Key PM Decisions
1. Scope the knowledge base.
What data sources are included? What’s excluded? Start narrow (one document collection) and expand. Every new source adds complexity and potential failure modes.
2. Define freshness requirements.
How quickly must new information be available? Real-time (minutes), near-real-time (hours), or batch (daily)? Freshness requirements drive infrastructure cost.
3. Set the citation standard.
Must every answer cite its sources?
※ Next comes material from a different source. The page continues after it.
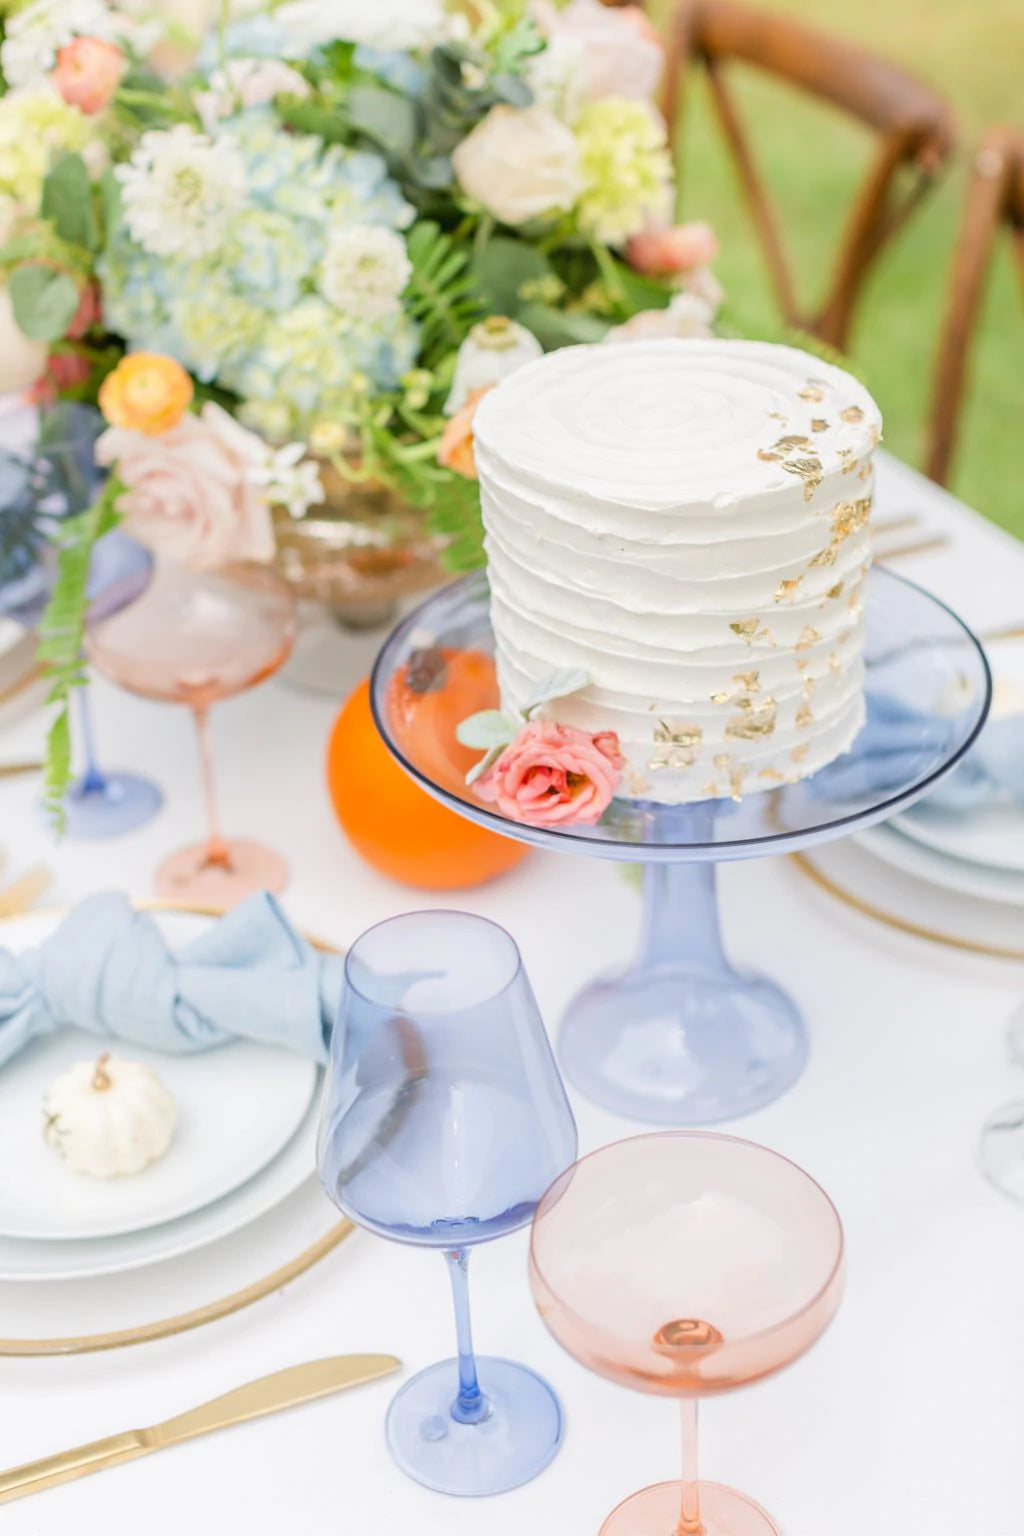 Estelle Cake Stand with Dome

Can the AI say “I don’t know”? How are citations displayed? Source citation is the primary trust mechanism in RAG products.
4. Define the “I don’t know” behavior.
When no relevant documents are found, the AI should say so rather than hallucinate. This requires a retrieval confidence threshold: below it, the system admits uncertainty rather than guessing.
The RAG Maturity Ladder
Level 1: Basic RAG
Vector search, fixed chunking, single data source. Good for internal tools and proofs of concept. 2–4 weeks to build.
Level 2: Production RAG
Hybrid search, re-ranking, multiple data sources, automated ingestion, source citations. Good for customer-facing products. 2–3 months to build.
Level 3: Advanced RAG
Agentic RAG (the AI decides what to search and when), multi-step retrieval, query decomposition, graph-based knowledge structures. For complex domains with interconnected information. 4–6+ months.
Level 4: Enterprise RAG
Multi-tenant access control, compliance audit trails, real-time ingestion, cross-language retrieval, feedback-driven re-indexing. For regulated industries at scale. Ongoing investment.
The bottom line: RAG is the most common architecture for enterprise AI products because it solves the knowledge problem without retraining models. But “just add RAG” is deceptively simple. The quality depends on chunking strategy, retrieval approach, source data quality, and continuous evaluation. The PM who understands the full pipeline can diagnose issues, set realistic expectations, and make informed trade-offs between cost, quality, and freshness.